ガンダムは「コミュニケ―ションの理想を描いたファンタジー」だ、という議論
とある友人に勧められるままにガンダムをみた。
実は自分はオリジンをちらっと読みかじっただけ。
逆襲のシャア→ユニコーンガンダムで見給えよということあったので、見た。
ラプラスの箱の正体が明かされるプロセスとか、その正体とか、よくよく練られていて、これまたホァーと思ってしまった。流し見だったけど。
そもそもガンダムの世界観というものですが、
○人が増えすぎて宇宙にまで居住区を進出した。
→宇宙という空気のない世界で言葉を介さないコミュニケーションが必要とされた。
→ニュータイプ(新人類)と呼ばれる、超共感能力によるコミュニケーションをとる進化した人類が現れた。
っていうところが主軸になっていて、
・彼らが自分たちのアイデンティティのために戦争をしたり(ジオンVS連邦)
・重力に魂を縛られたアースノイド(地球人=旧人類)を解放(虐殺)しようとしたり
ガンダムというロボットの話はあくまで副次的なものでしかないのかな、というのが僕の現状の解釈です。(ガンダムヲタクの方がいたらすいません。)
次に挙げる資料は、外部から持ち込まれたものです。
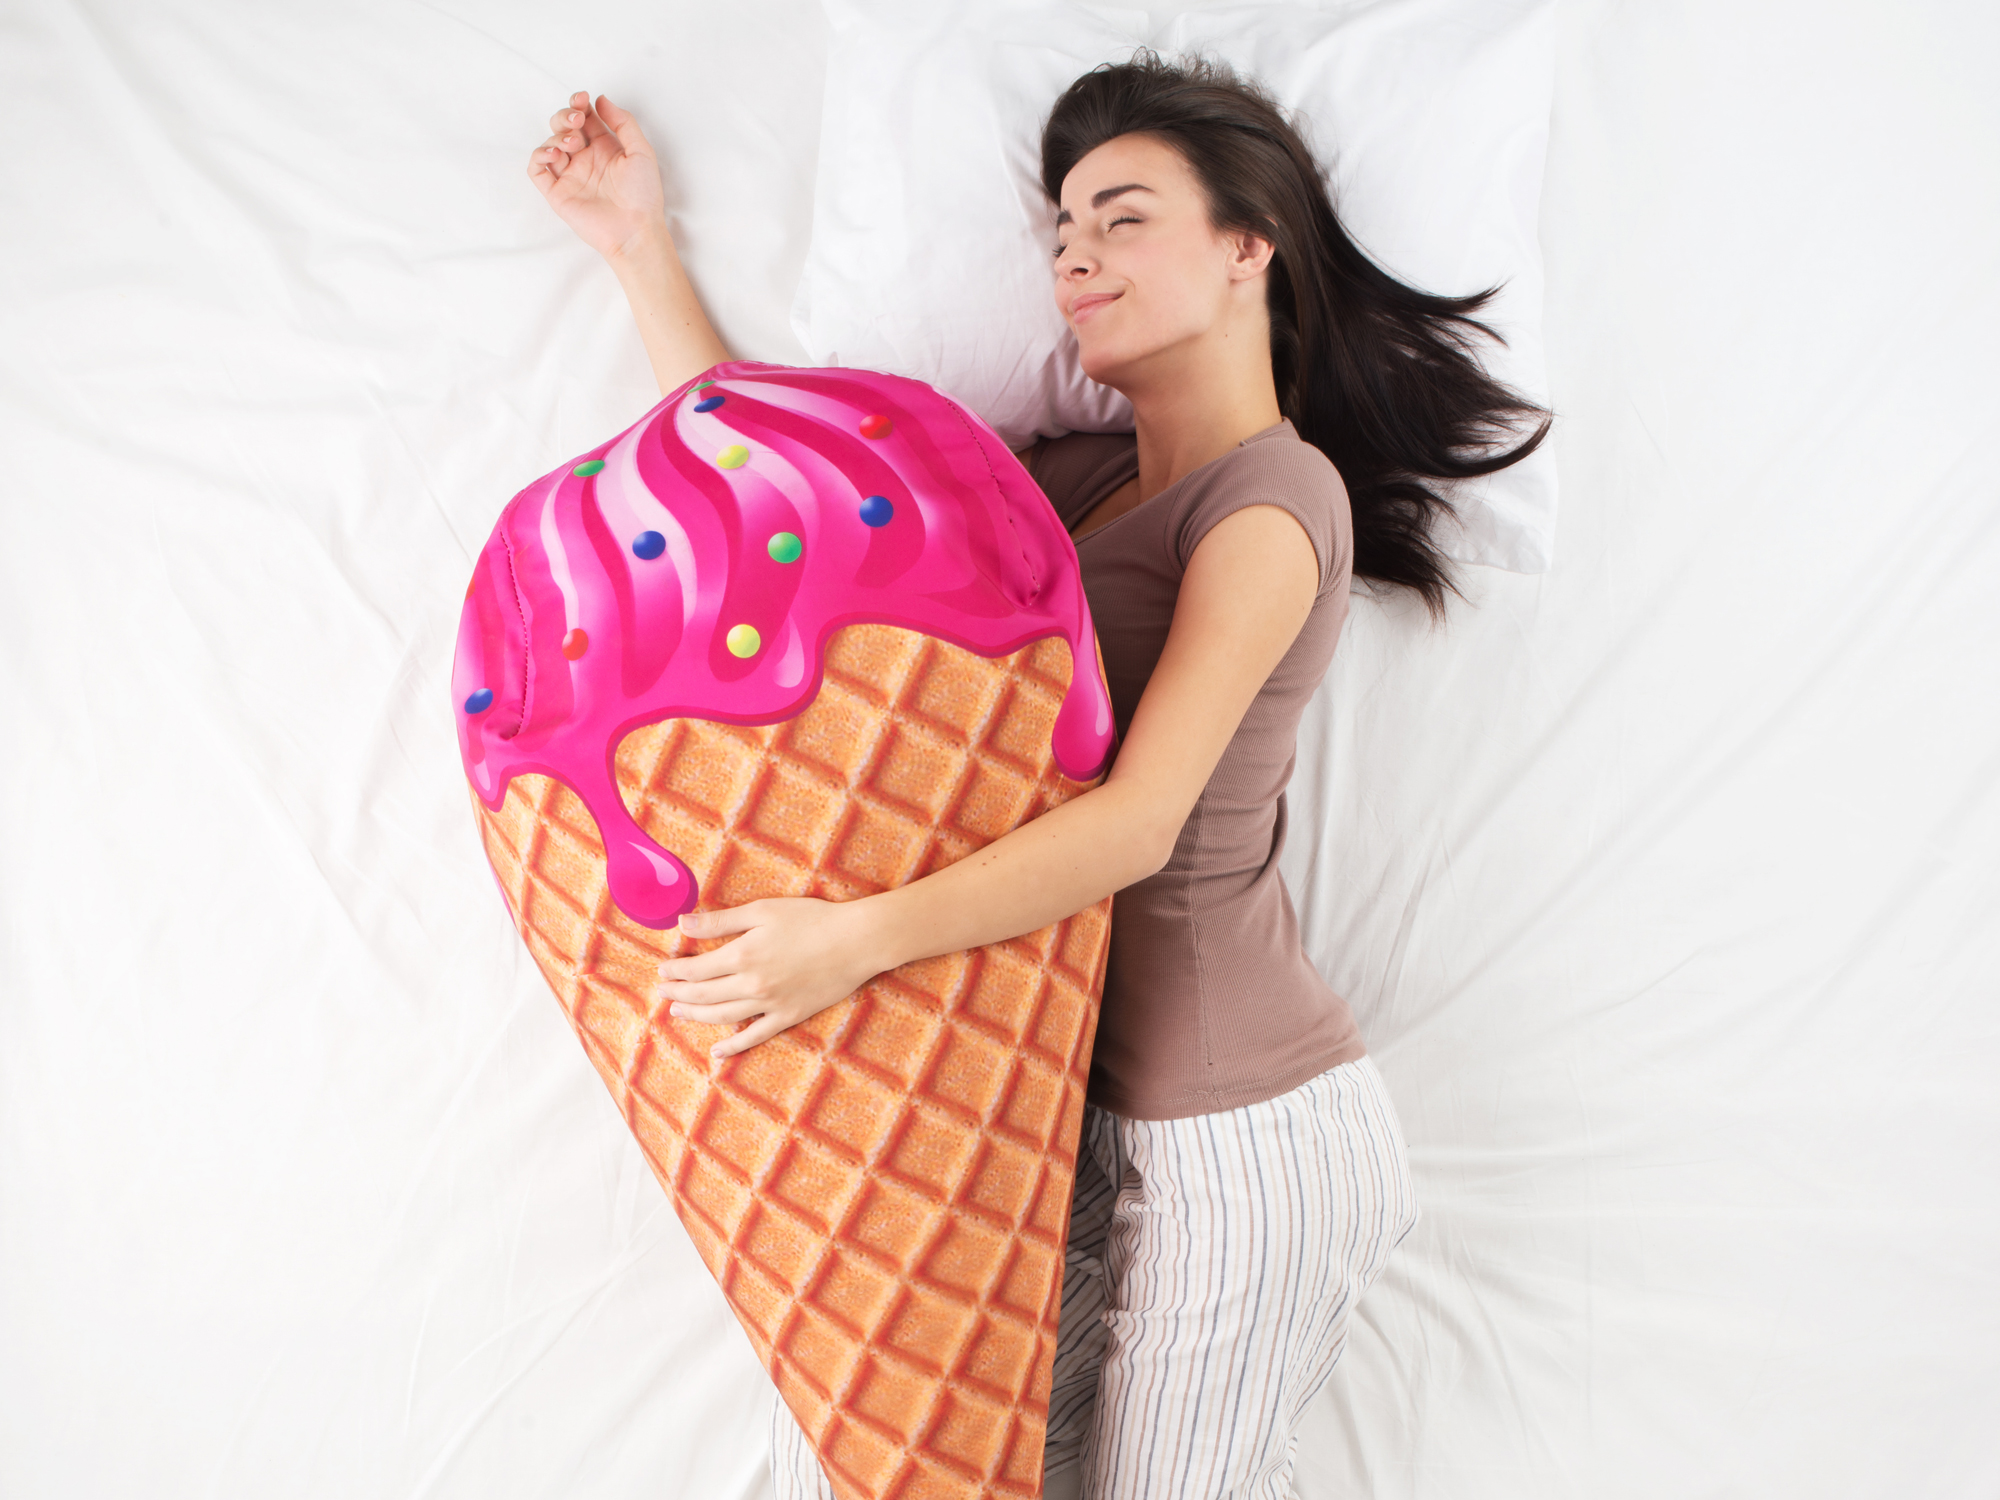 Ditch junk food cravings in your dreams

あ、でもロボットの動作ひとつも描写が積まれていて、戦艦と同サイズのダミー風船を打ち出したり、宇宙に散らばる岩盤に隠れてゲリラ戦法をしたり、ビームサーベルの格納場所が背負ってたものからどんどん手に近い実用的なところに改良されていたりと、ロボット映像として見ても十分に血沸くものだということは、僕も男の子ですので理解できます。
閑話休題。
友人は言う。
「結果的に人ってやっぱコミュニケーションっていう超初歩的の人としてのレベルの動作で過ちを犯す。それをどう解消するかっていうテーマ。」
「理想の世界を描きながらも、そううまくはいかないっていうジレンマをぶち込んでくる世界観がある。」
友人は自他認める理想主義者であった。
人間のコミュニケーションには理想がある。表現の限界とは何か。
何か人間の根幹に流れる、誰にでも刺さる究極の表現というものがある。
それを描きえるのはもはや二次元の世界にしかないのではないか、とも言っていた。
逆シャアもユニコーンも結構ぶっ飛んでる世界の話があって、逆シャアは最後アムロとシャアの思念がエネルギー波として観測されたり小惑星を止めたり。死人の思念が繰り返し他人に影響を与えたり、ニュータイプ二人で世界の始まり・虚無の世界にぶっ飛んだりする。
コミュニケーションの理想とは何か。
100%の感情共有と理解ができることである。
他人の声が勝手に流れ込んで来たり、死後なおその感情を共有したり、その形はさまざまであったけれど、劇中でニュータイプといわれる人たちは理屈は置いといて、共感を成し遂げていた。
ただ、理解は別として。
マリーダは死後なお、いろんな人の眼前に現れてそれぞれにメッセージを残し、一致団結を助けた。この描写に関しては正直やりすぎじゃないか感はあって、相手はニュータイプじゃなくて普通の人なのである。且つ、眼前にでてきたマリーダは相手の望むことしか言ってない。(育ての親に反発してごめんね今までありがとうとか、主君に対して私はこれまでです姫君頑張ってくださいみたいな)
そもそも死んでるのだから共有すべき感情はないはずで、眼前に現れたマリーダは個々人が望む彼女の像だったのではないだろうか。
いや、むしろ死後も感情の共有ができるのであれば人間の肉体は必要ない。意識だけの世界でいい。肉体という装置は邪魔だ、意識だけでつながりあえる姿が理想、ということだったのだろうか。
フロンタルは主人公と意識を共有し、世界の果てまで意識を飛ばす。これもまた肉体不要の世界なんじゃなかろうか。
シャアは死んだララァとなおも交信してたけど、よく考えたらそれもだよね。
あのララァはシャアの妄想なのか?
それとも死後のララァの意識だけは生き続けるということなのか?
でもアムロとシャアが同時にララァを見てたから…死後の意識を肯定してるってことか…?マリーダもそういうこと…?
生死は究極のコミュニケーションに影響しないってこと…?
不老不死…?
考える主体が脳でないなら一体意識のララァとマリーダは何者なんだ…??
人の記憶に残ることが、生き続けることだみたいなことをsaw2で言ってたけど、そういう話なの??
究極のコミュニケーションは、誰にとって得なの?
意識だけの存在に逆らうことはできるの?
切り口に囚われすぎてる感はあるけど、?がいっぱいになっています。